There are many reasons why these tax refunds go unclaimed. However, there are a few patterns among those due to unclaimed returns. The most common non-IRS refunds include:

  • Individuals who do not file a final return on behalf of a deceased family member for reimbursement

  • Individuals who qualify for the earned income credit but do not file a return because their income is below the threshold

  • Low-income self-employed who pay their estimated taxes but do not file a tax return because their income is below the threshold

  • Students

  • Workers who work part-time or only part of the year but who have a withholding tax on income 

Claiming your Earned Income Tax Credit

A deduction is useful to reduce taxes owed. But a tax credit is even better. A tax credit is deducted directly from the tax balance you owe. It does so dollar-for-dollar, while a deduction simply reduces the total amount of taxable income.

If you live in a low-income household, the Earned Income Credit can help you pay back some of the taxes you've already paid or even if you don't owe any taxes.

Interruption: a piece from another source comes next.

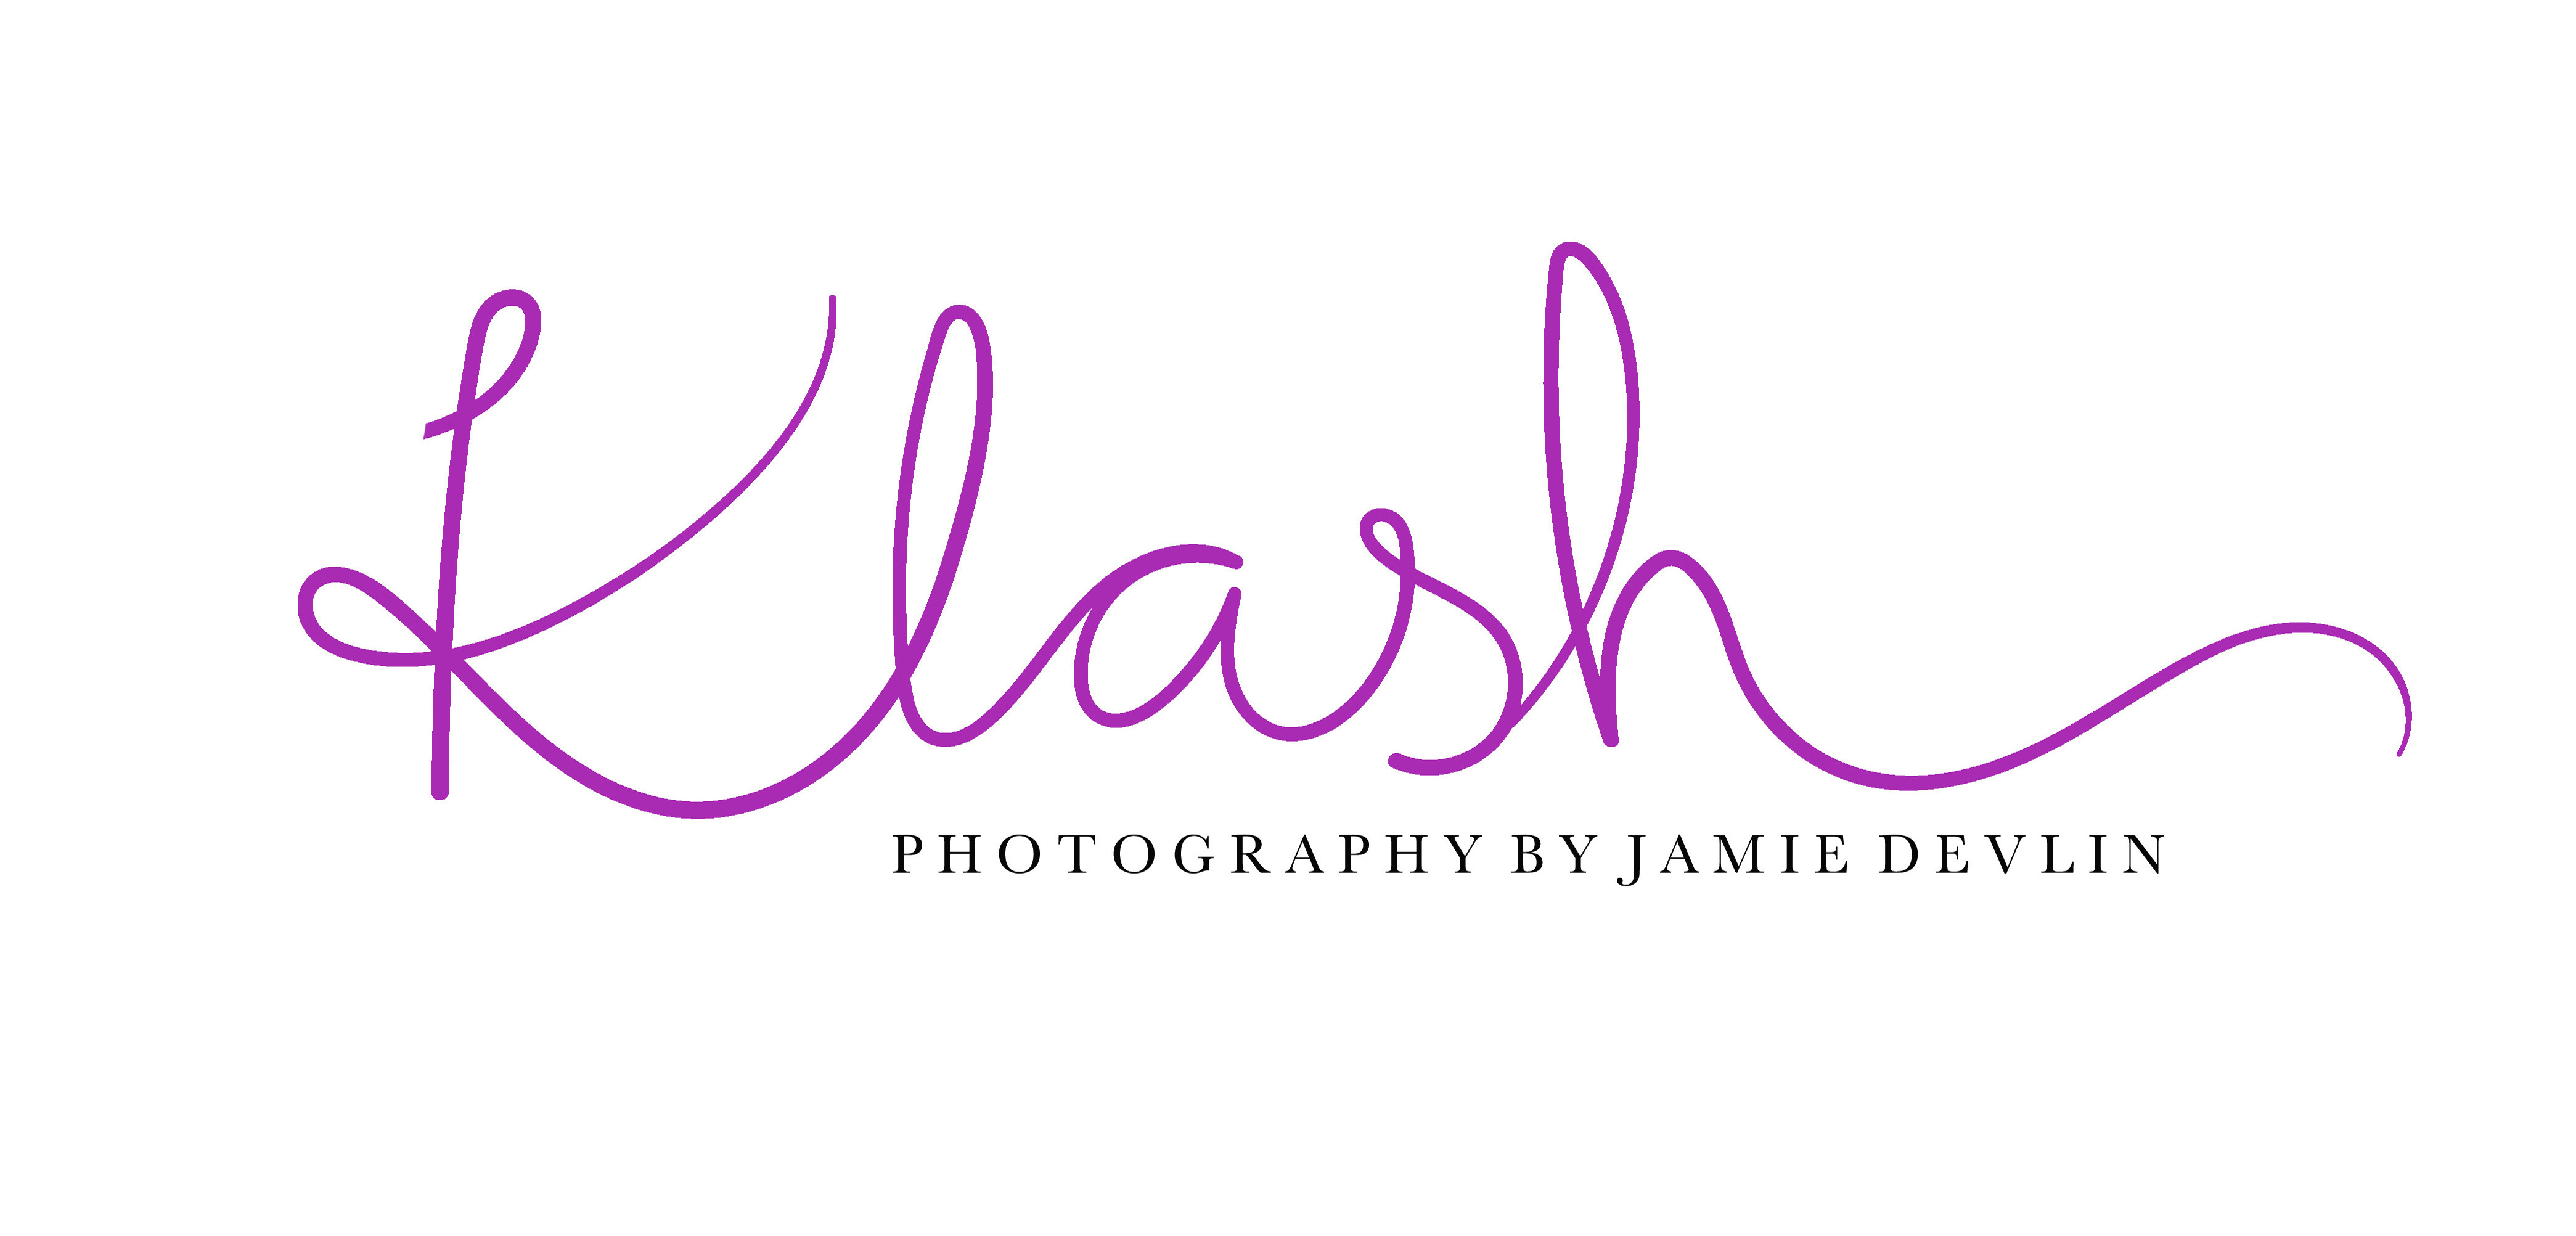 Klash Photography - Newborn and Baby Photographer based in Lowestoft, Suffolk.'s logo

Whether or not you qualify for this credit depends on your filing status, family income, and several dependent children.

The maximum tax credit for filing in 2021 is $6,728. This amount is refundable, which means the IRS will send the money if you have no taxes or owe less than this limit.

If you are eligible, you risk shortchanging your refund if you do not file a return to claim it.

Suppose you are claiming the Earned Income Tax Credit and your filing status is married filing separately. In that case, you must be eligible under the ARPA (American Rescue Plan Act) Special Rule of 2021.

How to claim your unclaimed Tax Refund

You may want to know if the IRS owes you money if you belong to one of the taxpayer groups above. First, check your records to make sure you've filed a tax return for each of the last three years you've earned.

Review your statements for the last three years to ensure they are accurate. Take the time to determine if you qualified for the EIC but didn't claim it.

If you haven't filed a return in the past three years, you can still request a refund. The law gives you three years after the filing deadline (usually April 15) to file your tax return and claim a refund. If you do not file within this time, you will lose the opportunity to claim your money. 

Applying for a refund can be as simple as filing a return for the past three years if you missed a refund or qualified for the earned income credit but didn't claim.

Expense reimbursement checks are sent to the last known address unless you request direct deposit to your bank account. These can be returned to the IRS if you move and do not provide the new address to the IRS or the US Postal Service.


  • Even if your income is low enough that you do not have to file a tax return, the IRS may owe you a tax refund.

  • Low-income taxpayers who qualify for the income tax credit usually receive a refund.

  • You have three years from the tax filing deadline to file a tax return for that year and claim a refund.